В Африке преследование началось расхищением имущества церковного и священных книг. Правитель Нумидии принудил епископа Цирты выдать все сокровища своей церкви, и сам, входя в домы иподиаконов и чтецов, отбирал у них книги Св. Писания; однако же епископ Тивиура, Феликс, смело объявил, что он не выдаст сокровища своей церкви, наипаче книги, и предпочел смерть малодушию. И первопрестольный епископ Карфагена, Мензурий, не удовлетворил желанию гонителей; сперва, пользуясь их невежеством, укрыл он у себя в доме Св. Писание и оставил на сожжение в церкви одни еретические книги, чтобы очистить от них свою паству; потом же, когда его самого потребовали на суд императора, роздал в руки людей верных все сокровища своей митрополии и таким образом сохранил их до времени мира. Но в других городах Африки многие пролили кровь свою за утаение священных книг, и в городе Авитине до пятидесяти верных обоего пола, одушевленные примером престарелого своего пресвитера Сатурнина и юных его детей, преставились мученически, восклицая, что Св. Писание в их сердце, Господь же Иисус Христос — вечное их упование.
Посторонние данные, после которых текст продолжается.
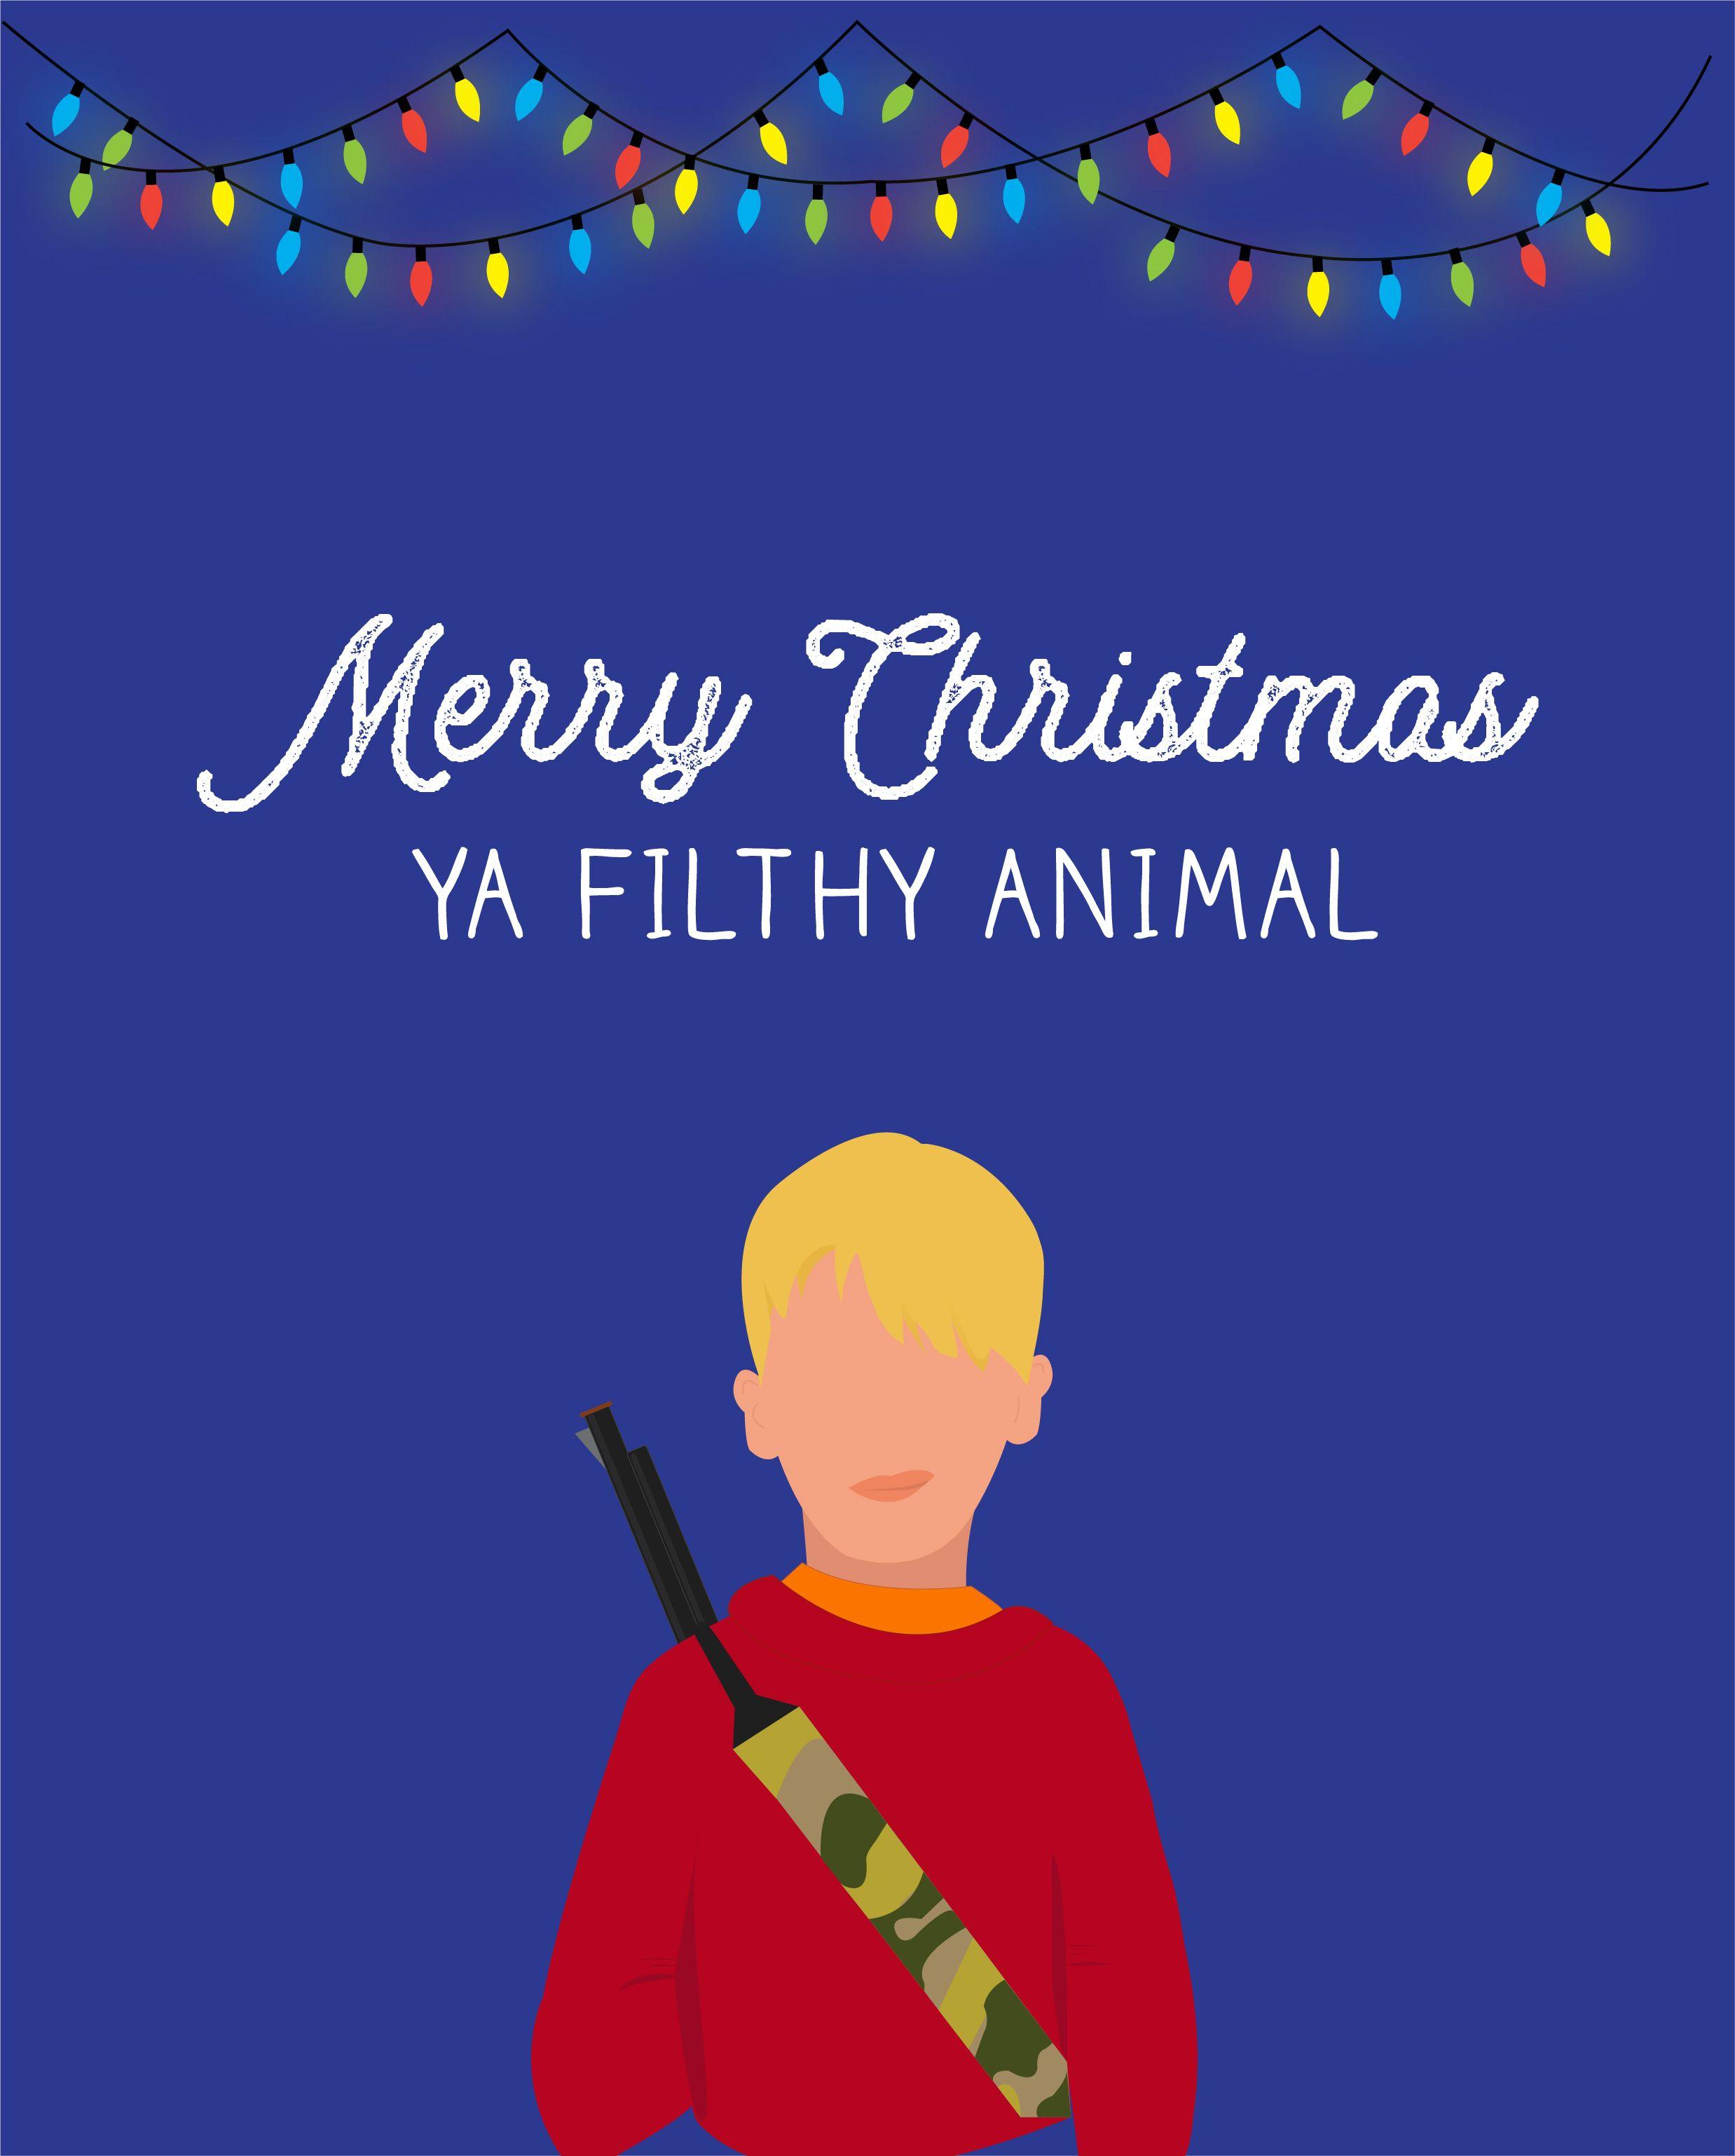 07da0da2 Merry Christmas Ya Filthy Animal || Home Alone || Christmas Decorations

Тогда, как некогда Тертулиан в годину гонений, знаменитый ритор Арновий поднял в Африке голос для защиты религии Христианской, которую сам некогда опровергал, так что епископы долго не могли верить его внезапному обращению; но книга его против язычников не остановила их ярости. В соседней Сицилии, архидиакон Евпл Катанский пришел с Евангелием в руках на судилище исповедать Христа и последовать за Ним на смерть, чтобы быть Его достойным. И в дальней Испании, другой диакон Викентий, пред лицом своего епископа, исповедника Валерия, презрел все муки; натираемый солью по свежим язвам, над раскаленным железом, тихо испустил он дух, когда готовили его к новым мукам. Ириней, юный епископ Сирмиума, отрекшийся от близких ради Христа, ради Него же был ввержен в море, и другие клирики области Паннонии не уступили мужеством своему пастырю. С таким же духом пострадал и старец Филиа, епископ Ираклийский, во Фракии, с двумя сослужителями, пресвитером Севером и диаконом Гермесом; ибо гонители старались наиболее поражать блюстителей стада. Когда на праздник Богоявления правитель закрыл церковь Филиппа, старец посмеялся его тщетной злобе и созвал верных на молитву в притвор, прислонясь по дряхлости к дверям храма. Жестокий судья потребовал от него сокровищ церковных и долго пытал пресвитера и диакона. «Зачем вам книги, — отвечал мучителям Гермес, — если бы даже вы истребили их с лица земли, дети наши сохранят их в памяти и напишут снова». Все трое брошены были в темницу и через несколько месяцев повлечены в Адриаполь на суд нового правителя, который приговорил их к сожжению. Привязанные к столбам не преставали молиться, и пламя, задушив мучеников, пощадило их святые телеса: раздраженные язычники бросили их в волны Гебра, но граждане Адриаполя извлекли нетленные мощи.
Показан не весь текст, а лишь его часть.